One other user is iris + userptr, which uses the set_domain to probe all
the pages to check if the GUP succeeds, however keeping the set_domain
around just for that seems rather scuffed. We could equally just submit
a dummy batch, which should hopefully be good enough, otherwise adding a
new creation time flag for userptr might be an option. Although longer
term we will also have vm_bind, which should also be a nice fit for
this, so adding a whole new flag is likely overkill.

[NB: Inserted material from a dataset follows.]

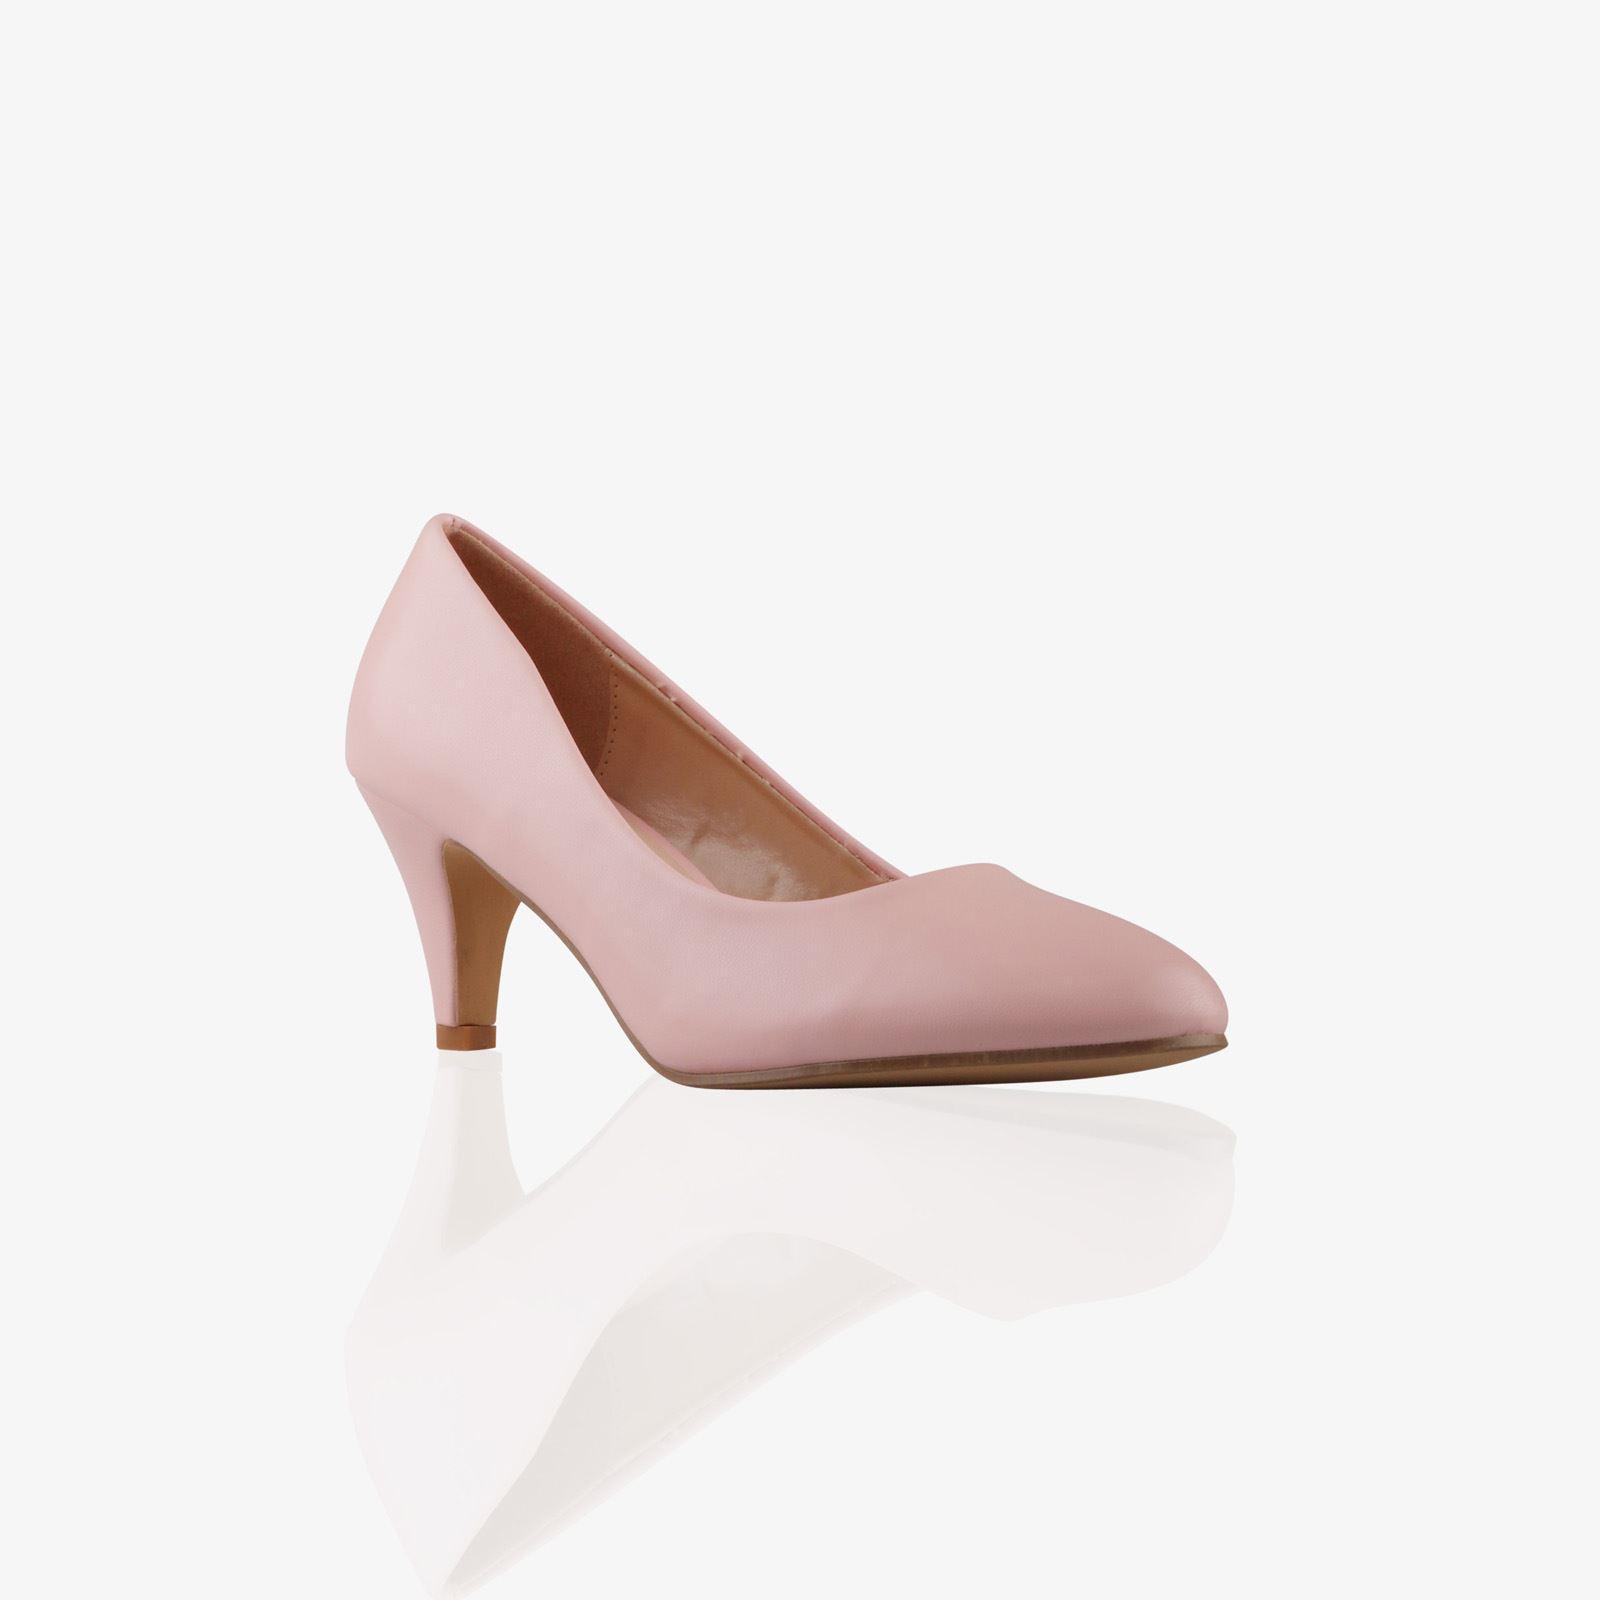 Womens-Ladies-Mid-Heel-Court-Shoes-Slip-On-Low-Kitten-Heels-Pumps-Matte-Size-3-8 thumbnail 18

Execbuf sounds horrible. But it all reminds me of past work by Chris which is surprisingly hard to find in the archives. Patches like:

commit 7706a433388016983052a27c0fd74a64b1897ae7
Author: Chris Wilson <chris@xxxxxxxxxxxxxxxxxx>
Date:   Wed Nov 8 17:04:07 2017 +0000

      drm/i915/userptr: Probe existence of backing struct pages upon creation
      Jason Ekstrand requested a more efficient method than userptr+set-domain
      to determine if the userptr object was backed by a complete set of pages
      upon creation. To be more efficient than simply populating the userptr
      using get_user_pages() (as done by the call to set-domain or execbuf),
      we can walk the tree of vm_area_struct and check for gaps or vma not
      backed by struct page (VM_PFNMAP). The question is how to handle
      VM_MIXEDMAP which may be either struct page or pfn backed...

commit 7ca21d3390eec23db99b8131ed18bc036efaba18
Author: Chris Wilson <chris@xxxxxxxxxxxxxxxxxx>
Date:   Wed Nov 8 17:48:22 2017 +0000

      drm/i915/userptr: Add a flag to populate the userptr on creation
      Acquiring the backing struct pages for the userptr range is not free;
      the first client for userptr would insist on frequently creating userptr
      objects ahead of time and not use them. For that first client, deferring
      the cost of populating the userptr (calling get_user_pages()) to the
      actual execbuf was a substantial improvement. However, not all clients
      are the same, and most would like to validate that the userptr is valid
      and backed by struct pages upon creation, so offer a
      I915_USERPTR_POPULATE flag to do just that.
      Note that big difference between I915_USERPTR_POPULATE and the deferred
      scheme is that POPULATE is guaranteed to be synchronous, the result is
      known before the ioctl returns (and the handle exposed). However, due to
      system memory pressure, the object may be paged out before use,
      requiring them to be paged back in on execbuf (as may always happen).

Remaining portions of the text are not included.